Jakarta – An Indonesian parliamentary committee investigating financial scandals allegedly linked to President Abdurrahman Wahid was accused by a sacked member on Monday of working to bring down the embattled president, reports said.
"The Bulogate committee is a huge conspiracy which is actually creating chaotic conditions in order to bring down the president," sacked member Habil Marati of the Muslim United Development Party (PPP), told journalists at the parliament building.
'Bulogate' is how the media have dubbed a four million dollar embezzlement scandal involving an employees' foundation of the state food distribution agency, Bulog. Wahid's masseur is accused of eliciting 35 billion rupiah (almost four million dollars) from the foundation, Yanatera, in Wahid's name earlier this year.
Members of parliament, increasingly hostile to Wahid, have formed a special committee to determine Wahid's involvement in either the Bulog scandal or a second scandal involving a two million dollar humanitarian donation from the Sultan of Brunei.
However the masseur, arrested two weeks ago after four months on the run, told police last week that Wahid neither knew of nor had any involvement in his actions.
Marati says he was sacked from the committee last week because of his criticisms of its function. The committee was "extremely premature and unethical," he was quoted as saying by Detik.com news. "As a member of parliament, I continue to say what's right is right, and what's wrong is wrong. In my opinion, the Bulogate committe is wrong," he said.
Marati said parliament had no business looking into Bulogate because it involved private, not state funds, according to Koridor.com news. "The DPR has no right to form a special committee in relation to a private company. Yanatera is a private company," he said.
He said his sacking was at the direction of committee chairman Bachtiar Chamsyah. "It was in fact Chamsyah's personal suggestion," he said.
However PPP Secretary General Ali Marwan Hanan told AFP Marati had been sacked because he was not active enough and often absent from its hearings. "It wasn't because he was critical. It's normal to criticise," Hanan said. Marati was replaced by a fellow PPP member Achmad Farial.
Several legislators, spearheaded by national assembly chairman Amien Rais, appear to have stepped up a campaign in recent weeks to call for Wahid's resignation, citing failure in his duties and corruption – as yet unproved – as reasons for getting rid of him.

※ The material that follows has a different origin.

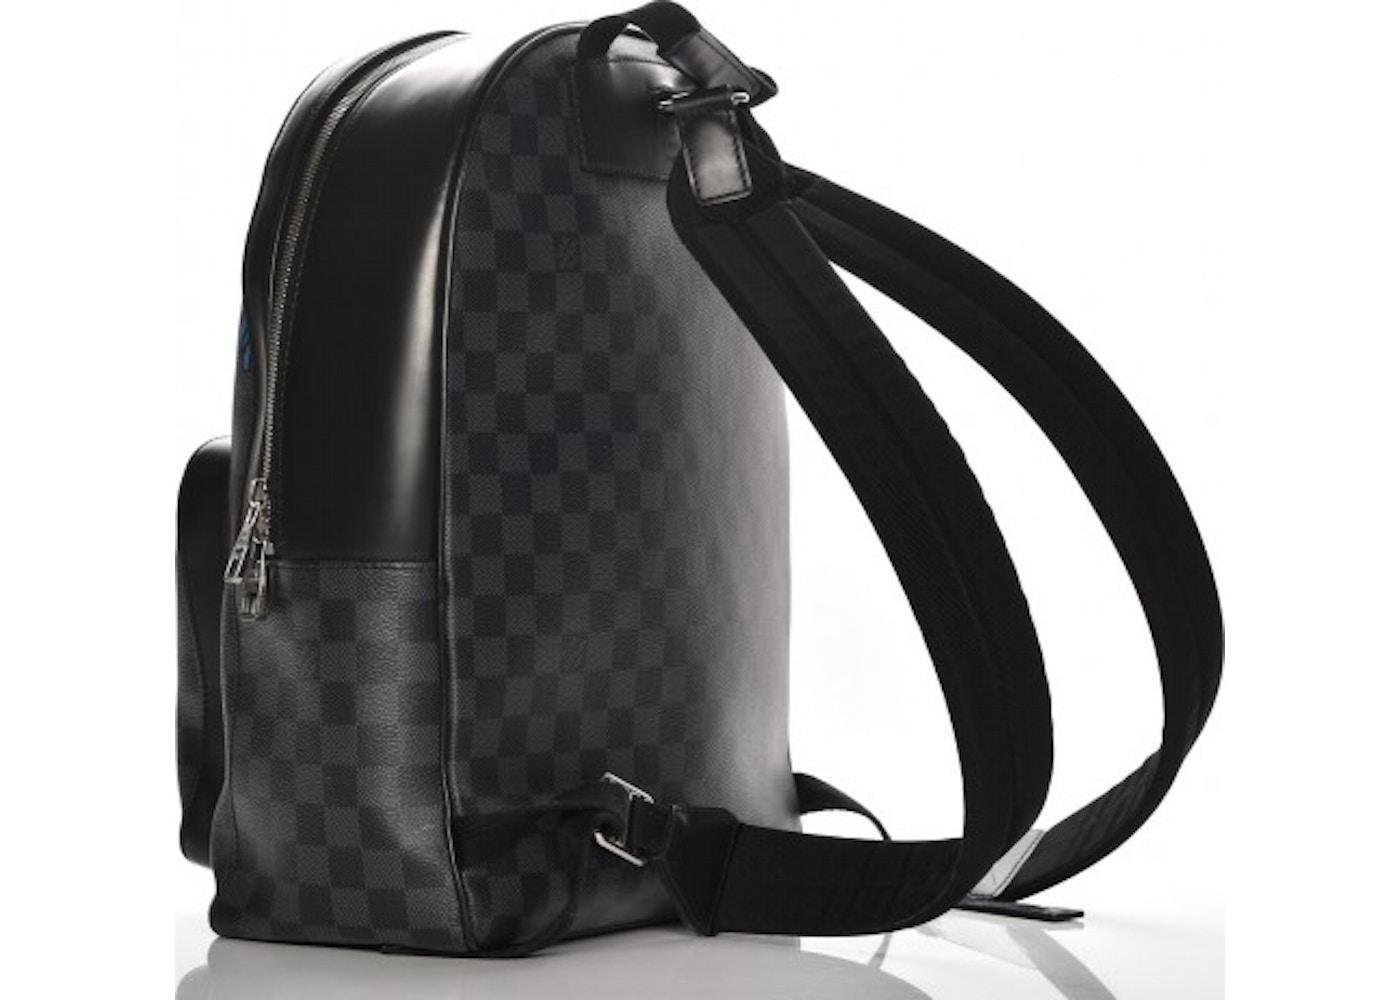 dcc5945b26f9 Louis Vuitton Josh Damier Christopher Nemeth Rope Graphite Black Blue  Black Blue

They said the country's economy was still at a standstill and the government had also failed to rapidly settle communal unrest that has beset the country in recent years.
House of Representatives speaker Akbar Tandjung said last week that a special session of the 700-seat assembly could be held to impeach Wahid if the committee found him guilty of corruption in either scandal.
Repeated calls for Wahid's resignation and Wahid's defiant responses have been blamed for sending the rupiah plunging past the 9,000 to the dollar mark to its lowest level since July. The rupiah touched 9,380 to the dollar in Monday trading.